Neo-Maxi Zoom Dweeb-ery

Marilyn Monroe was a fascinating individual, and her weaknesses – her narcissism, her constant victim-mentality, her anxiety and depression, her rumoured Borderline Paranoid Schizophrenia, her excessive neediness – made a lethal combination when combined with her beauty and charisma. She was a conflicting archetype of a wide-eyed emotionally vulnerable woman who needed a man to lean on, but that the same time ensnared those same men with her overt sexuality. Maybe Marilyn needed that juxtaposition, because if she was more emotionally stronger she would’ve scared the shit out of men.
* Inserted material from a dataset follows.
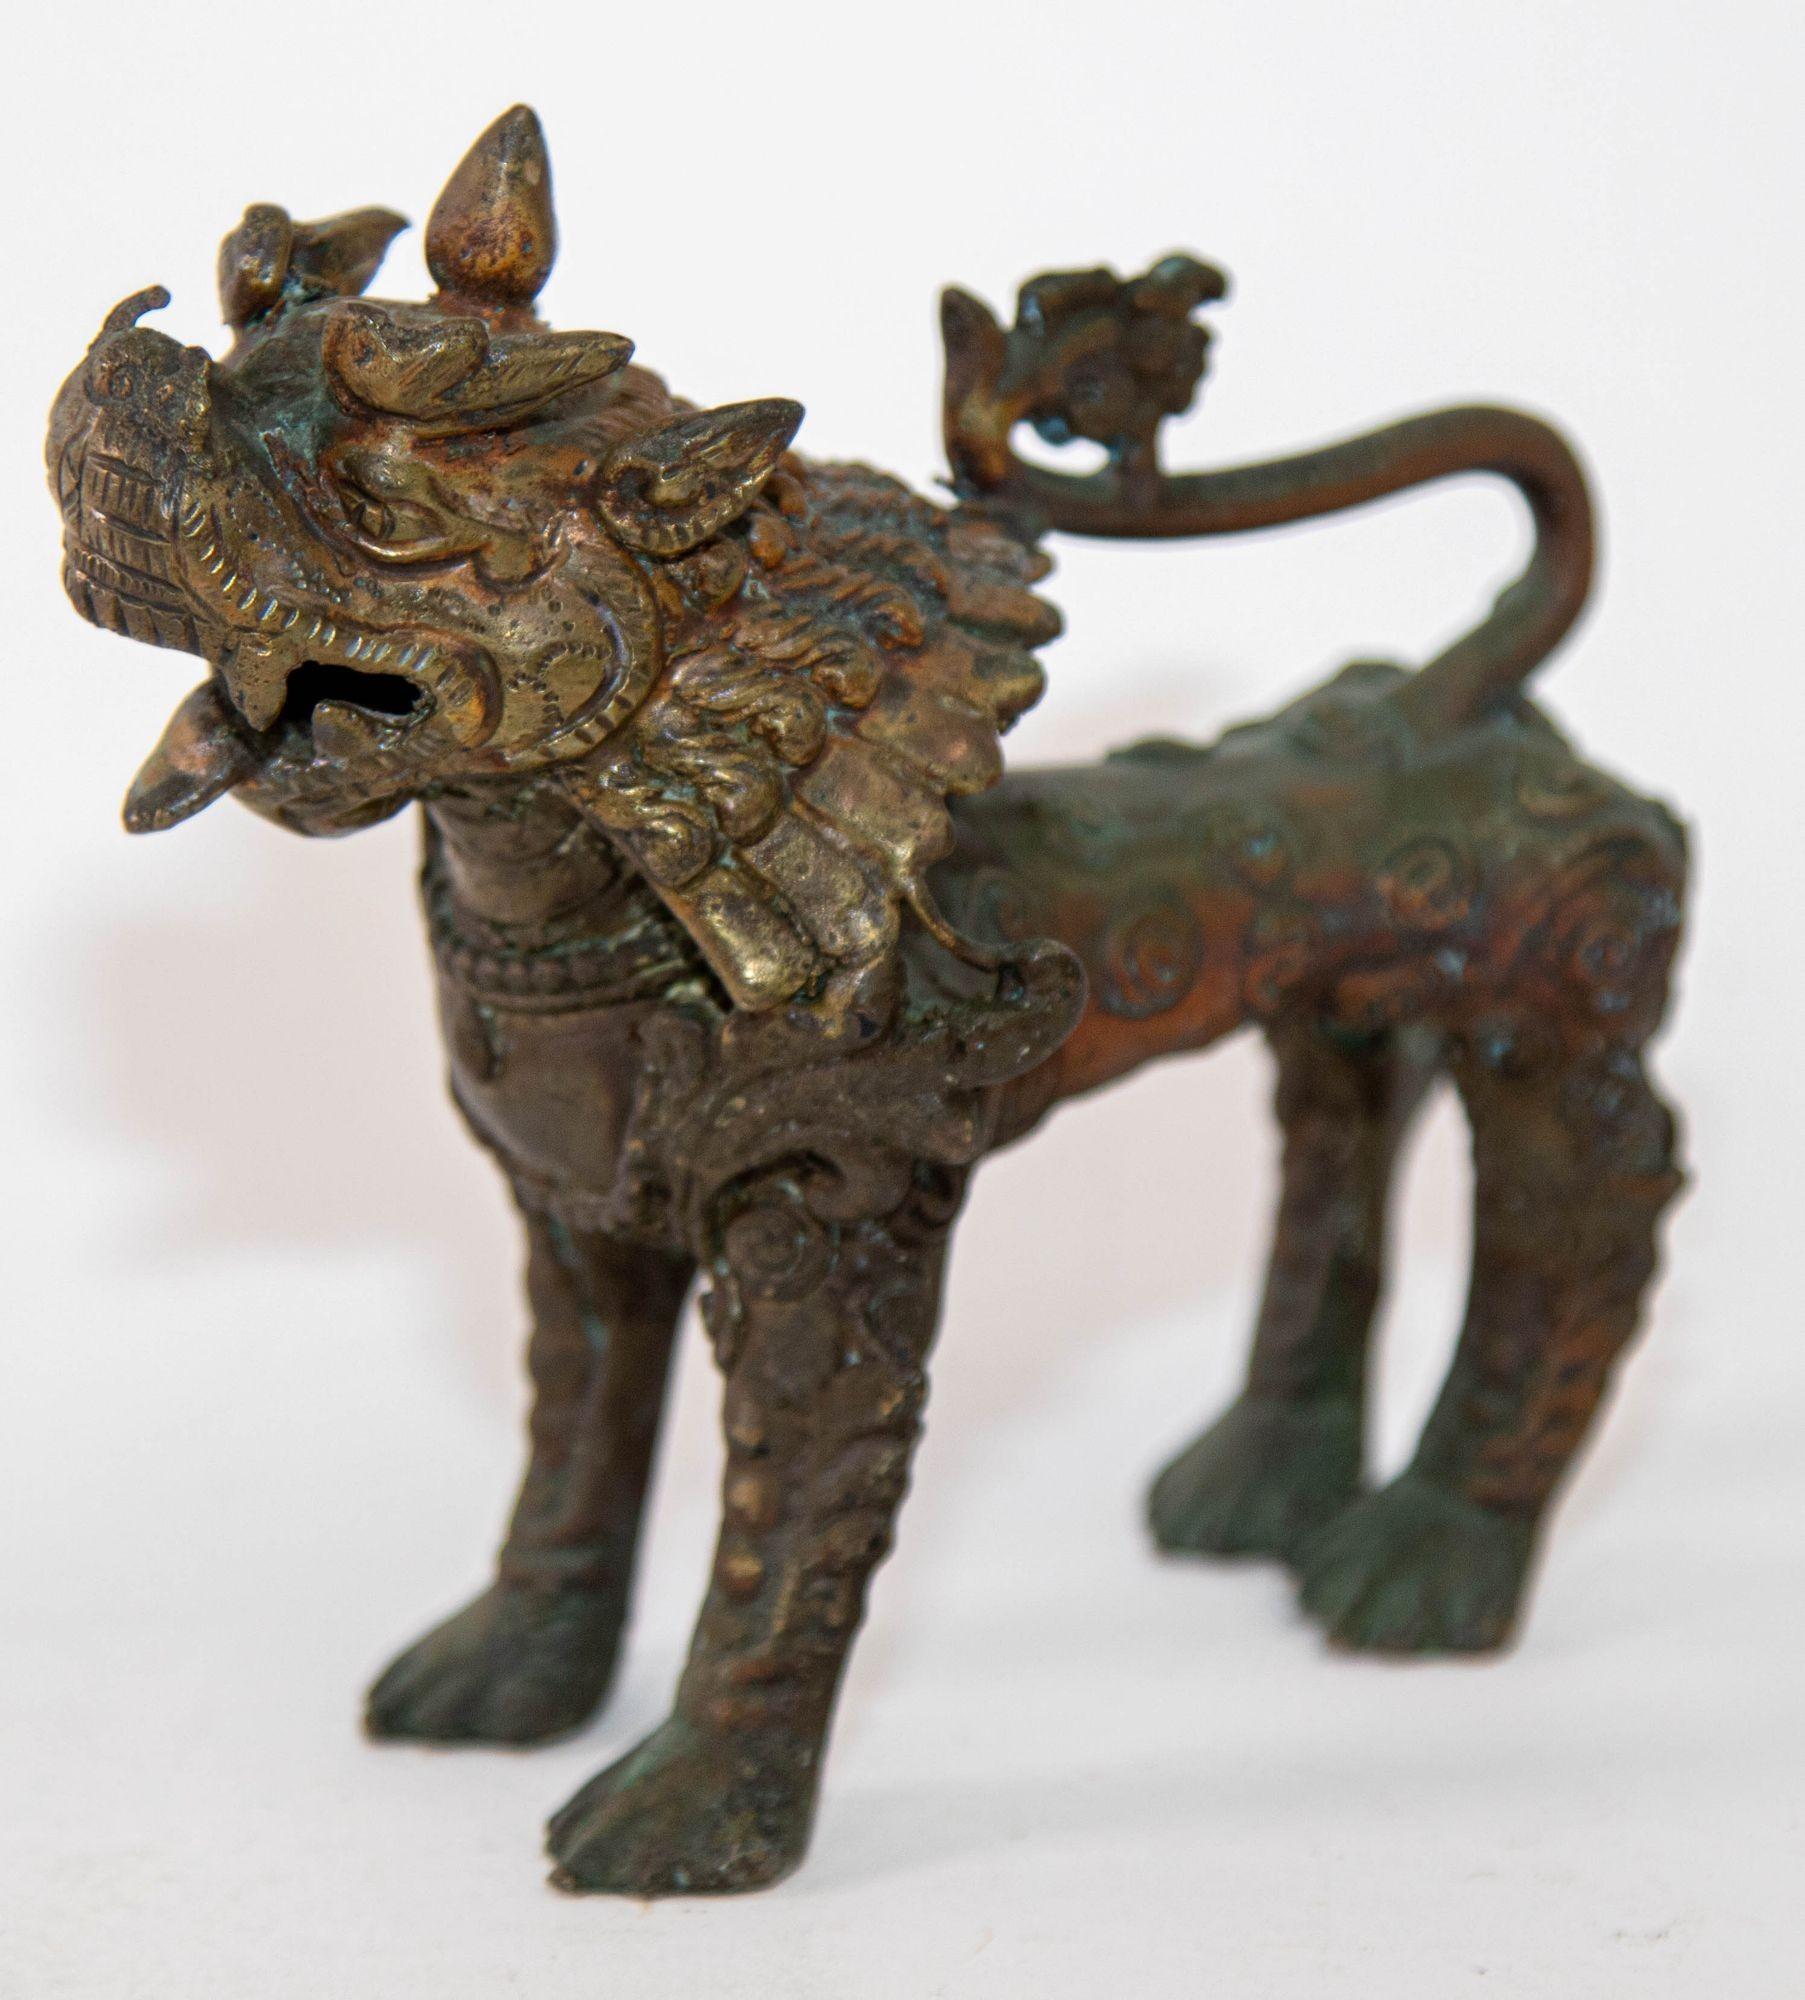 Sculpture asiatique ancienne en bronze de lion gardien, Népal 19ème siècle.
Figure en bronze avec traces de polychromie représentant un lion gardien de temple à la gueule ouverte, à la longue crinière et en position défensive sur ses quatre pattes

Personally her insecurities do not make her appealing, but rather annoying, to me.

Truth?

No matter how prettily you wrap it up with soft romantic lighting, it’s basically a story about a young starry-eyed bloke keen for a shag with a saucy married starlet. It doesn’t make the picture all that redeeming when you can’t visually translate or capture the inherent appeal of the 'trophy'.